Because of that, it might be a little while before we make some VLM guides for them as the current method of getting them going is a bit janky, and will likely break as an official method is released soon.

Until then, we do have a guide on using Moondream - a very lightweight VLM that can run on the Pi’s CPU. It is no where near as fast as the AI HAT running more powerful VLMs, but there is an option to use cloud processing on a very generous free plan if that works? If not, for simple yes or no answer, you can get the processing time down to about 8 seconds.

Hope this helps!

Thanks Jaryd. Useful response. We may need to revise our project goals for this current cohort.

Kind regards

2 Likes

I am looking for advice/guidance on the choice of AI HAT for a specific vision processing task. This in the POC phase currently, but I have a prototype running on a RPI4 hooked up to a GPS location reader and separately some code which uses Google cloud vision to extract a hand written (spray painted) 5 digit number from an image. The end goal is to have the Pi, GPS locator, and a camera on a forklift to identify the 5 digit number as it picks up an object and when it puts it down. The forklifts will have a WiFi connection but I am unsure of the latency involved in taking the image, then sending it to GC Vision and getting a result back. If the same level of accuracy can be achieved on-board, that issues goes away. I will have a “white list” of possible numbers which greatly improves accuracy ion any context.

1 Like

Hey @Andrew121107,

This sounds like it is definitely possible to do locally on the AI HAT. Note that the AI HAT will need a Pi 5 as it connects via it’s PCIe.

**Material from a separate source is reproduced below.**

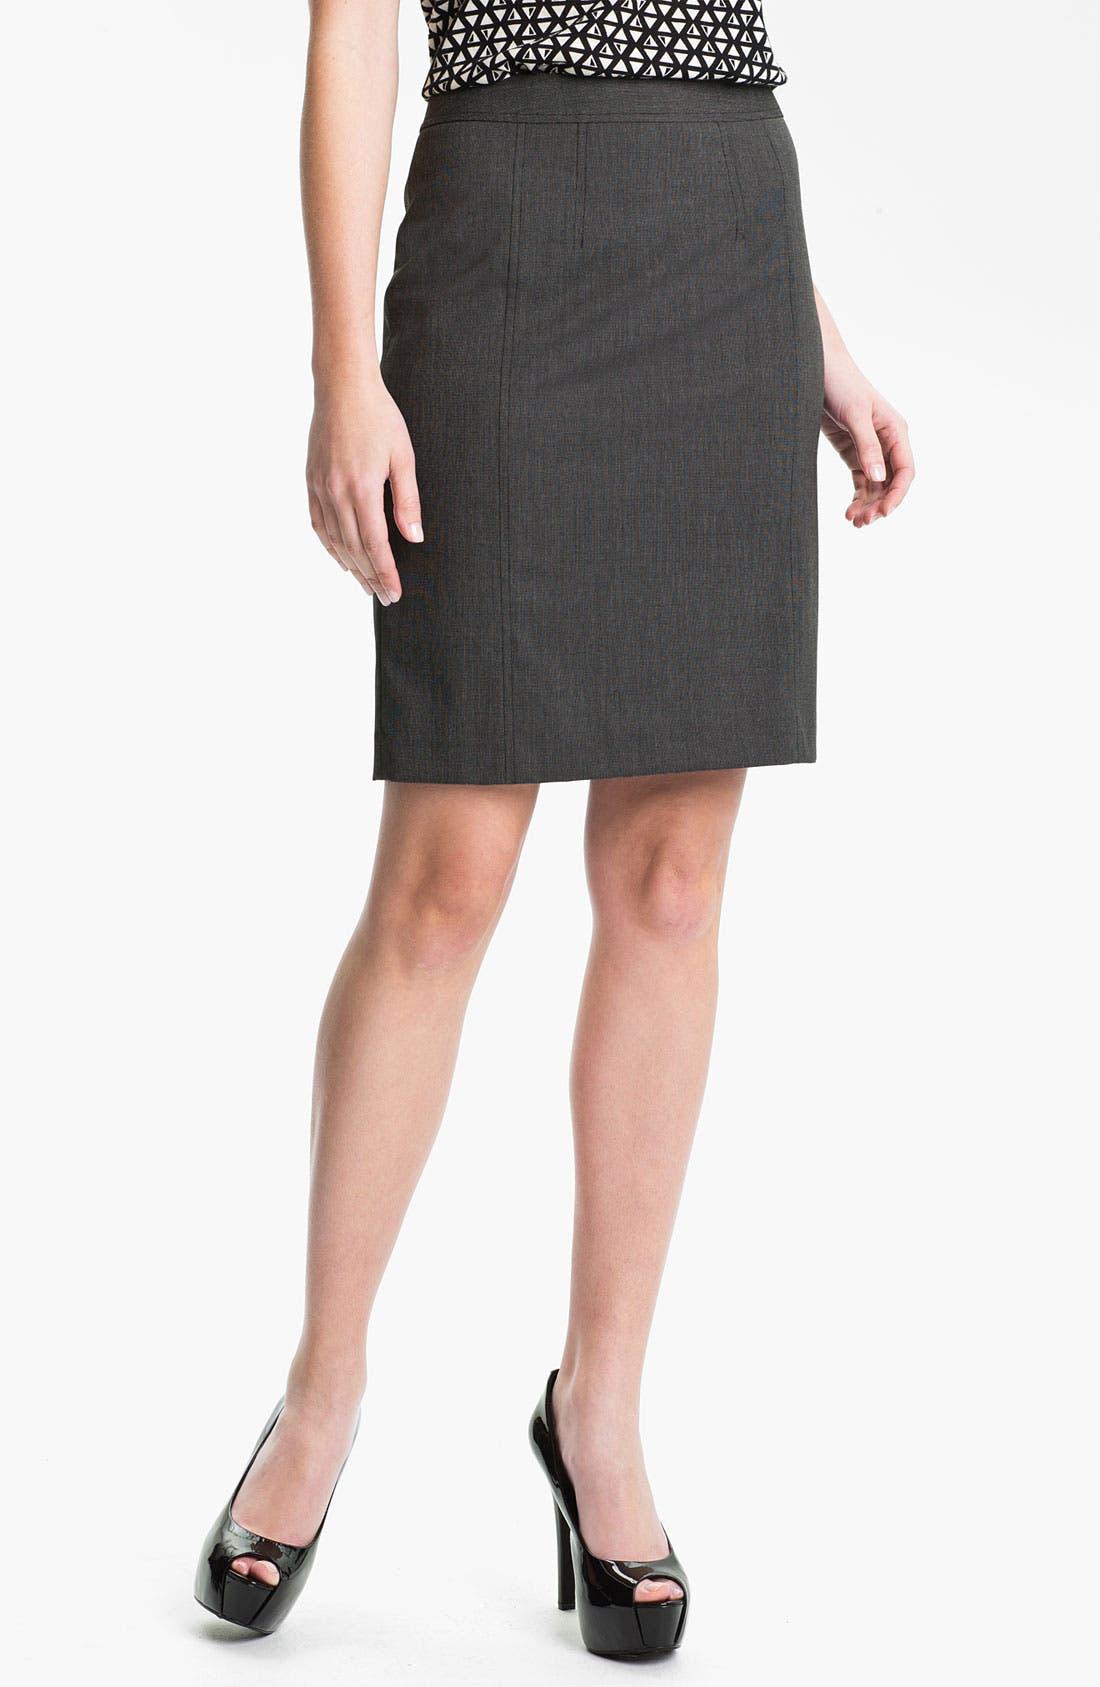 Alternate Image 1 Selected - Halogen® 'End on End' Skirt (Petite)

The biggest hurdle here would be attaining a model that could read the numbers - for a proof of concept I think you might be able to source a model someone has already trained. Something YOLO-based may be your best option, and its not too difficult to try and train your own. If you have a decent GPU (or a weaker one and a bit more patience for the training time), you can do it all locally with some photos of the numbers for training data.

My only concern is that the variations of the sprayed numbers would make it less reliable. If the numbers could be stencil sprayed on, then this suddenly becomes a WAY easier task.

Once you are happy with the yolo model, you would just need to use Hailo’s developer tools to convert the model to the format required for the AI hat, and run it! We have some guides on running it here to check out.

In terms of performance, YOLO comes in different sized models. The bigger the model, it is “smarter” but processes slower. With a medium sized model (which should be more than powerful enough for your needs) you could expect about 20 - 25 FPS coming from the AI HAT 1 (13TOP). I think from the camera firing to capture the image, to getting the detection result, you could expect under 100 ms (likely less). The more powerful AI HATs might not reduce the latency by much, but they will process more frames a second with the 26 TOP version getting about 50fps.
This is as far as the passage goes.